Raw IDs

The approach#

When a user submits a long URL, the app server inserts a row into the database. The database assigns an auto-incrementing integer ID — 1, 2, 3, 4... The app server takes that ID, appends it to the domain, and returns it.

User submits → https://very-long-url.com/with/path
DB inserts row → assigned ID = 4821903
Short URL returned → bit.ly/4821903

Dead simple. No hashing, no encoding, no collision checks. The ID is the short code.

Why it seems fine at first#

• Zero extra logic — the DB handles ID generation
• No storage overhead — the short code is just the ID you already have
• Guaranteed unique — DB primary keys are always unique

Problem 1 — You expose your internals#

The IDs are sequential. If a competitor sees bit.ly/4821903 today and bit.ly/4821940 tomorrow, they know you created 37 URLs in that time window. Your growth rate, your traffic patterns, your scale — all visible from the short codes themselves.

This is called enumeration — anyone can iterate through your entire URL space by just incrementing the number. Every URL ever created is now publicly discoverable.

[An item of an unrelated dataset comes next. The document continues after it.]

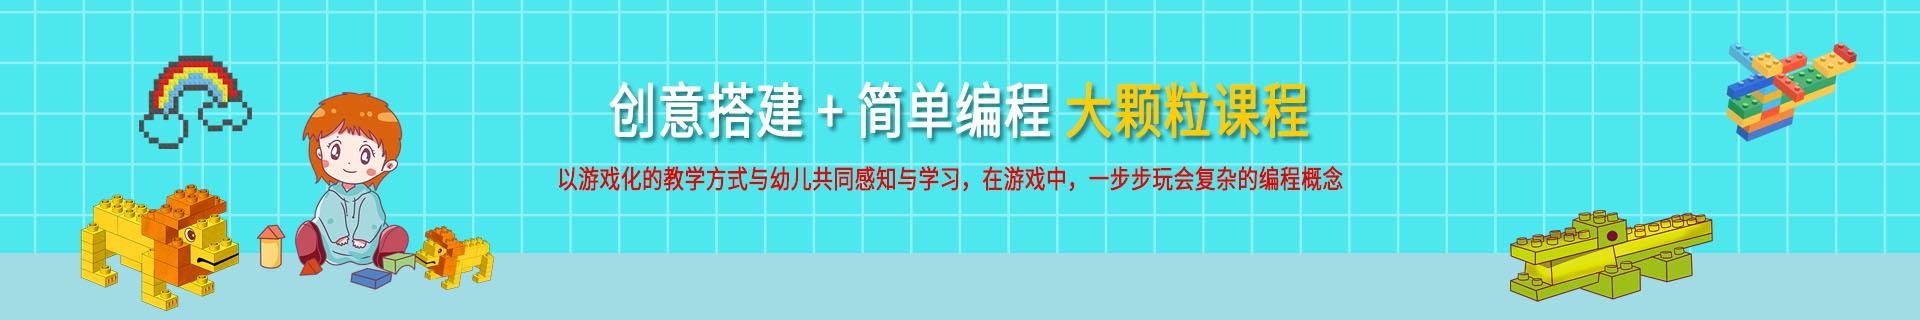 重庆沙坪坝区小龙坎正街乐博乐博少儿编程
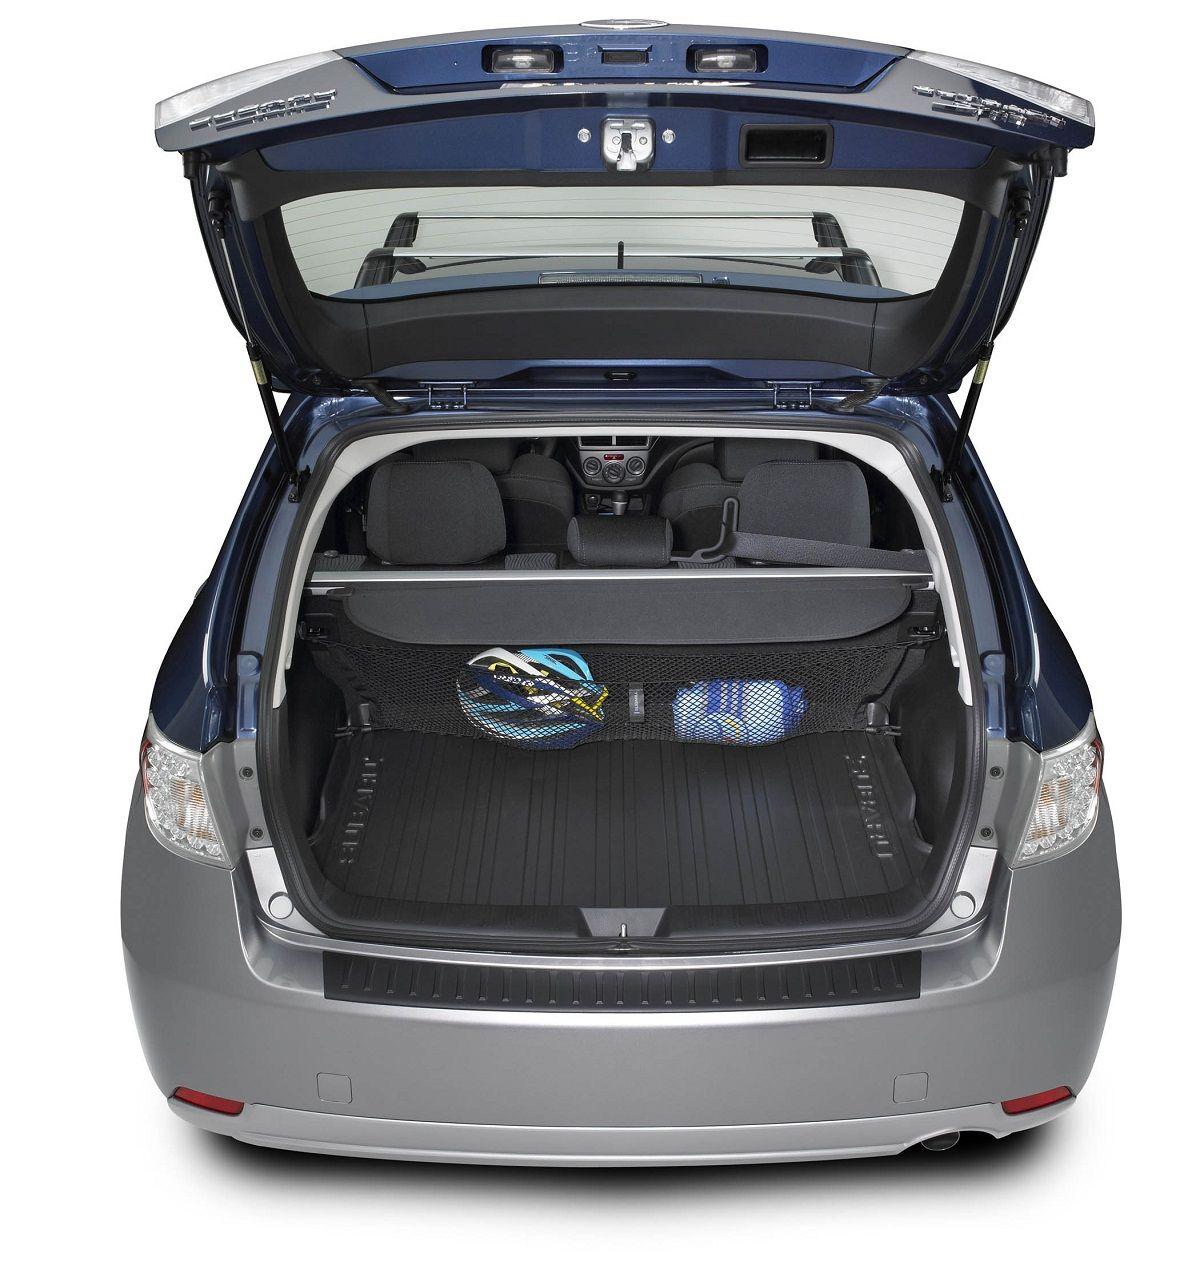 Subaru impreza wrx sti hatch 25l cargo tray 2008 2013 5547 subaru impreza wrx sti hatch 25l cargo tray 2008 2013 5547 vanachro Gallery

Problem 2 — Auto-increment breaks under sharding#

From the estimation, we know this system needs to store 250TB over 10 years. That cannot fit on a single machine. The database will need to be sharded — data split across multiple machines.

Auto-increment IDs are generated by the database engine on a single machine. The moment you split across multiple DB nodes, each node starts its own counter:

Shard 1 → generates ID 1, 2, 3, 4...
Shard 2 → generates ID 1, 2, 3, 4...

bit.ly/1 now points to two different long URLs ✗

There is no coordination between shards. Uniqueness is broken.